For all n, if 20 ≤ n then one can choose n disjoint sets of at least $\dfrac{2^{\hspace{.02 in}n}}{n^{\hspace{.02 in}2}}$ primes less than $2^{\hspace{.02 in}n}$.
For all n, if 20 ≤ n then at least $\bigg(\hspace{-0.04 in}\dfrac{2^{\hspace{.02 in}n}}{n^{\hspace{.02 in}2}}\hspace{-0.06 in}\bigg)^{\hspace{-0.04 in}n}$ number less than $2^{\hspace{.02 in}n^2}$ have n distinct prime factors.

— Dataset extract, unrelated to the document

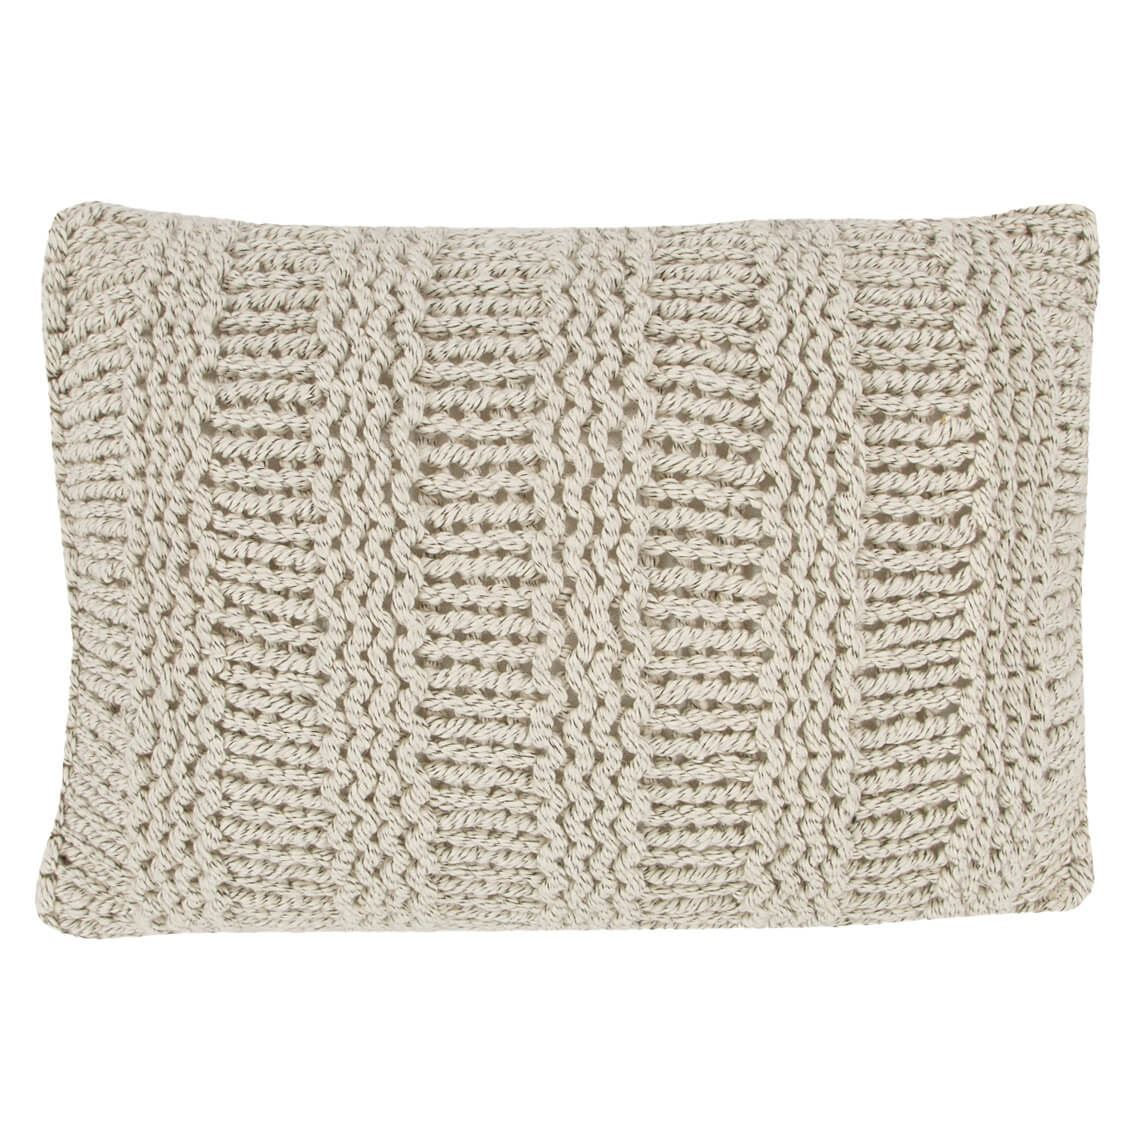 Dilalla Cushion Size W 32cm x D 10cm x H 47cm in Natural Freedom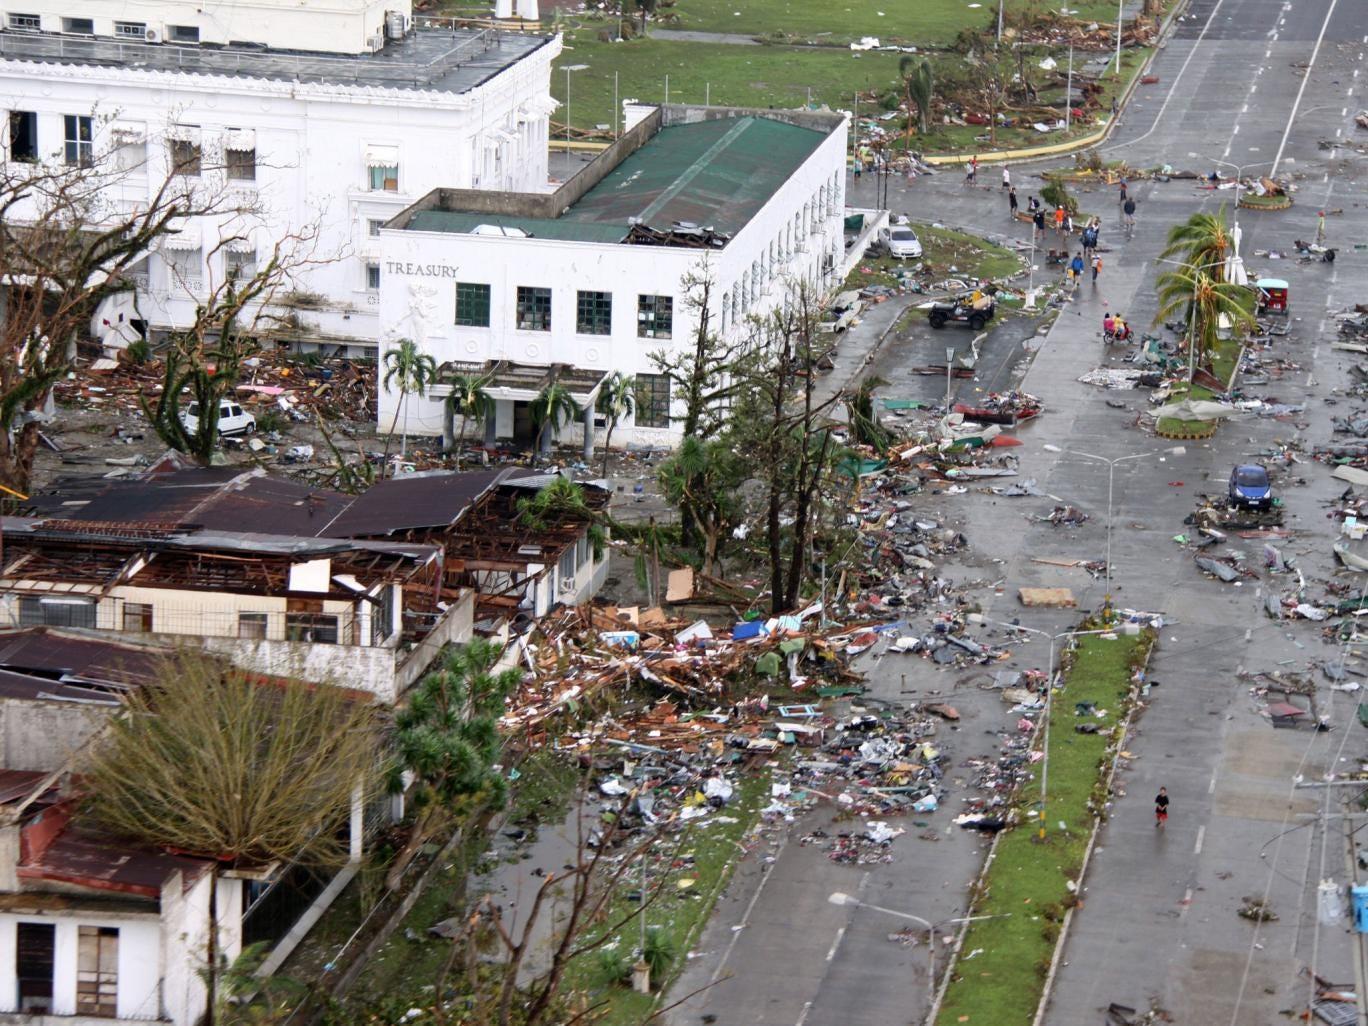 The aftermath of Typhoon Haiyan in Tacloban

For all n, $\; \bigg(\hspace{-0.04 in}\dfrac{2^{\hspace{.02 in}n}}{n^{\hspace{.02 in}2}}\hspace{-0.06 in}\bigg)^{\hspace{-0.04 in}n} = \dfrac{\left(2^{\hspace{.02 in}n}\hspace{-0.02 in}\right)^n}{\left(\hspace{-0.02 in}n^{\hspace{.02 in}2}\hspace{-0.04 in}\right)^{\hspace{-0.02 in}n}} = \dfrac{2^{\hspace{.02 in}n\cdot n}}{n^{\hspace{.02 in}2\cdot n}} = \dfrac{2^{\hspace{.02 in}n^2}}{n^{\hspace{.02 in}2\cdot n}} \:\:$.
Therefore, for all n, if 20 ≤ n then at least $\dfrac{2^{\hspace{.02 in}n^2}}{n^{\hspace{.02 in}2\cdot n}}$ numbers less than $2^{\hspace{.02 in}n^2}$ are
such that their number of distinct prime factors is not less than [their_length]$^{1/2}$.